Russia Deepens Recruitment Push as Manpower Shortage Worsens
Russia is facing a severe personnel crisis in its war against Ukraine, with recruitment down 20% in recent months and the army struggling to fill its ranks more than four years after the invasion. To lure new recruits, the Kremlin is offering unusually large incentives, including a $80,000 bonus, debt forgiveness of up to $140,000, promises of hero status, and a faster path to citizenship for migrants.
According to a CNN report cited in the article, enlistment in the first quarter of the year fell 20% compared with 2025, and there are signs the decline is continuing. The International Institute for Strategic Studies said the incentives may already be losing effectiveness and that Russia has begun losing more soldiers than it can recruit. The Kremlin has also sent tens of thousands of prisoners to the front, reinforced its forces with three separate waves of North Korean troops, and encouraged migrants to join the military.
Western intelligence estimates cited in the article put Russian battlefield deaths at nearly 500,000, while hundreds of thousands more Russians have left the country to avoid mobilization. The manpower crunch is also hurting the Russian economy, which is suffering from a labor shortage and rising inflation.

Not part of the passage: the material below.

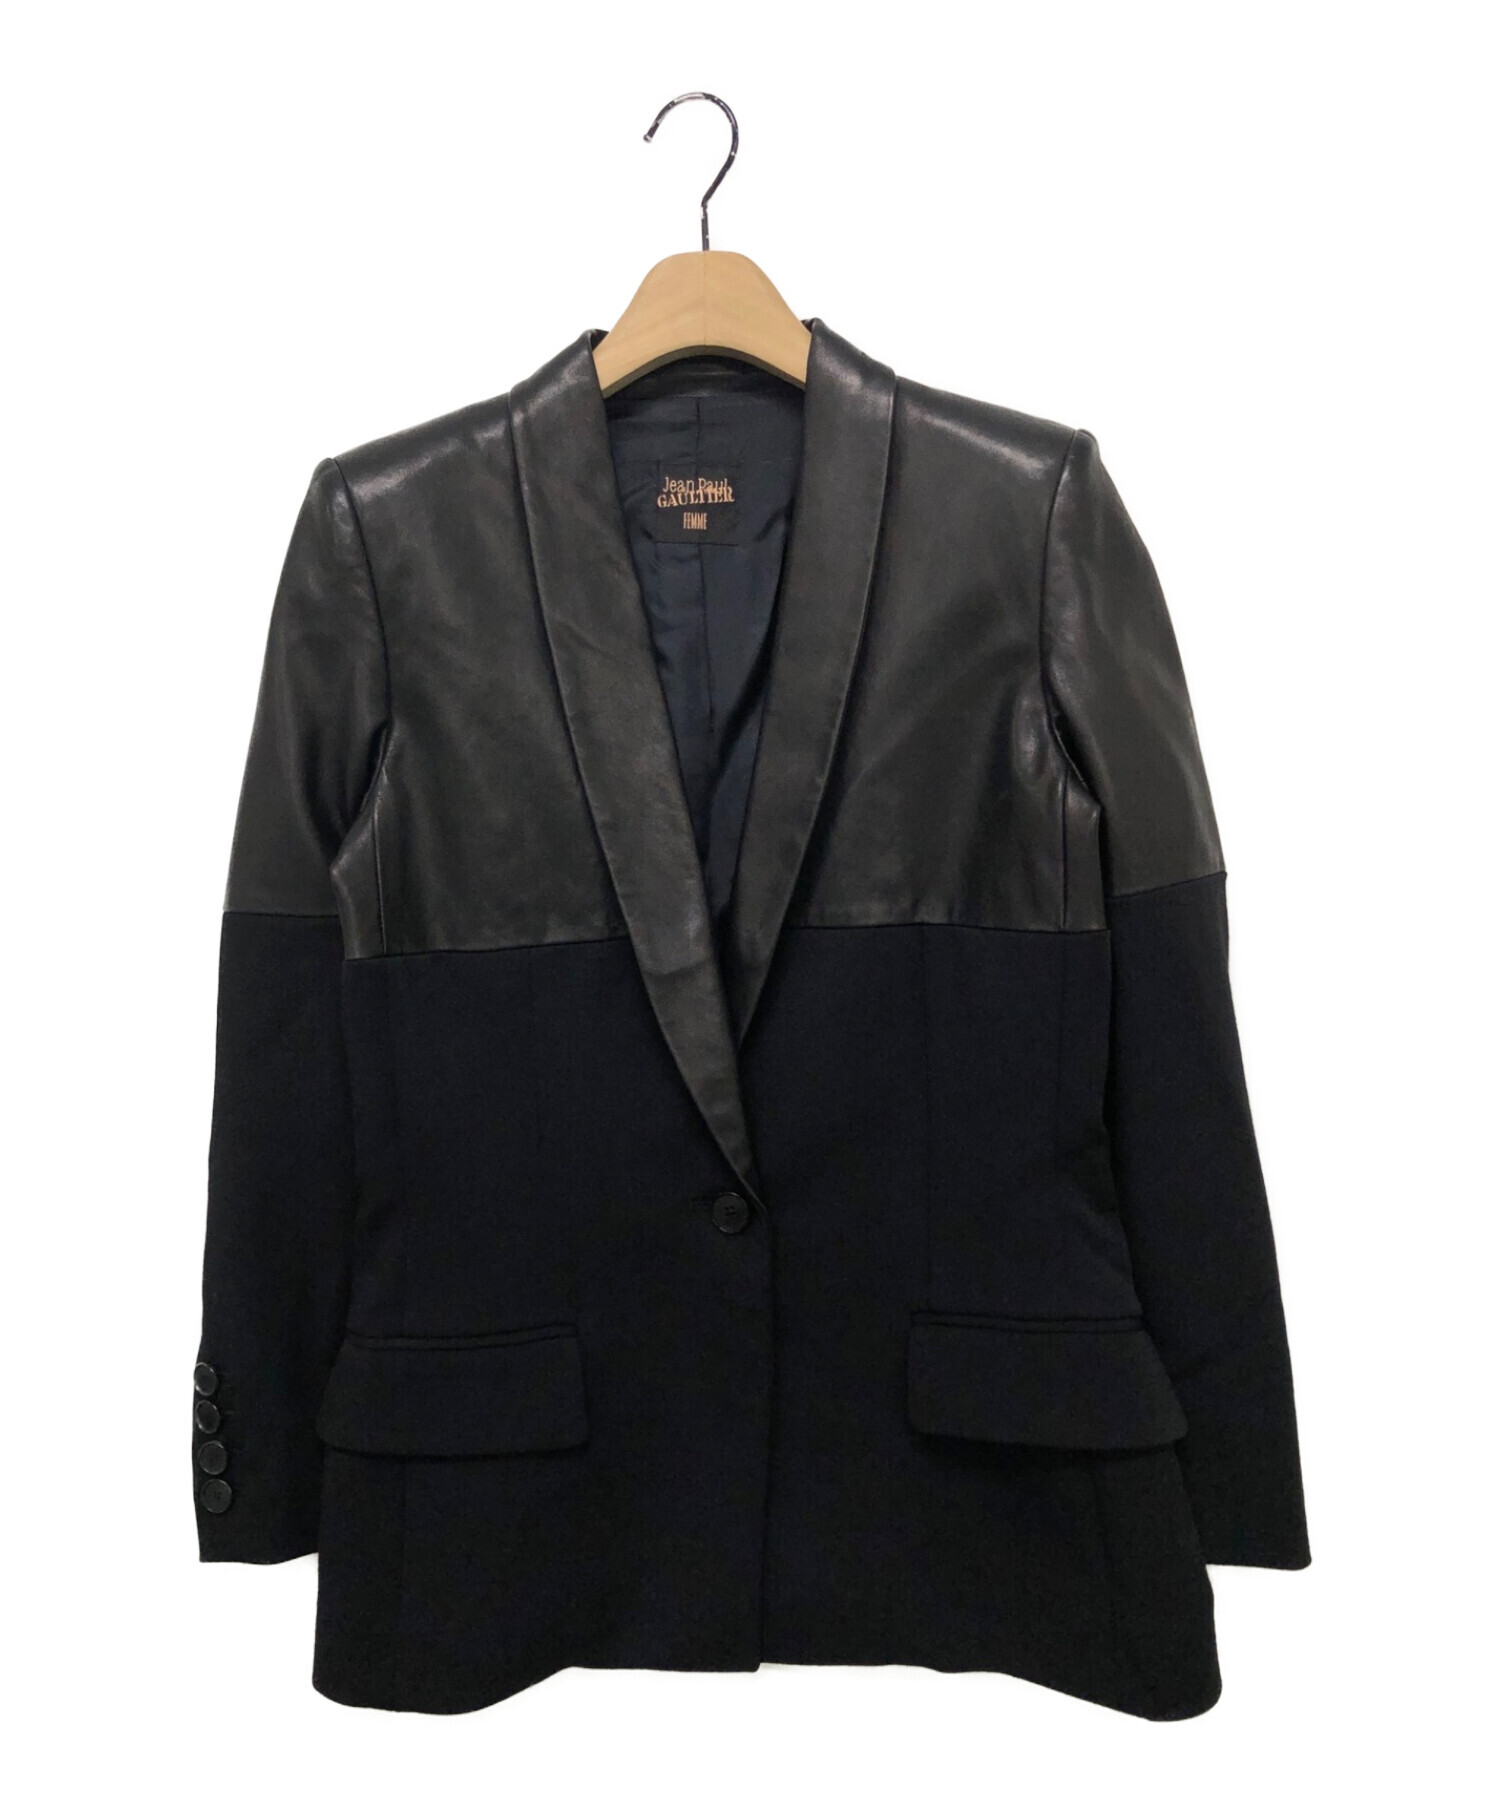 Jean Paul Gaultier FEMME (ジャンポールゴルチェフェム) レザー切替テーラードジャケット ブラック サイズ:40

At the same time, Moscow is tightening control over internet access. Reuters reported that more Russians are using technical workarounds to evade state surveillance as authorities push them toward the government-backed Max messaging app. Since 2025, mobile carriers must preinstall Max on every new device sold in Russia, and public-sector workers, teachers, and students are required to use it. The app is believed to help the authorities monitor users, and many Russians now keep two phones, one they assume is monitored and another for freer use. In March alone, users downloaded the five most popular VPN services 9.2 million times, a jump of hundreds of percent year over year, even as regulators restricted access to hundreds of VPNs.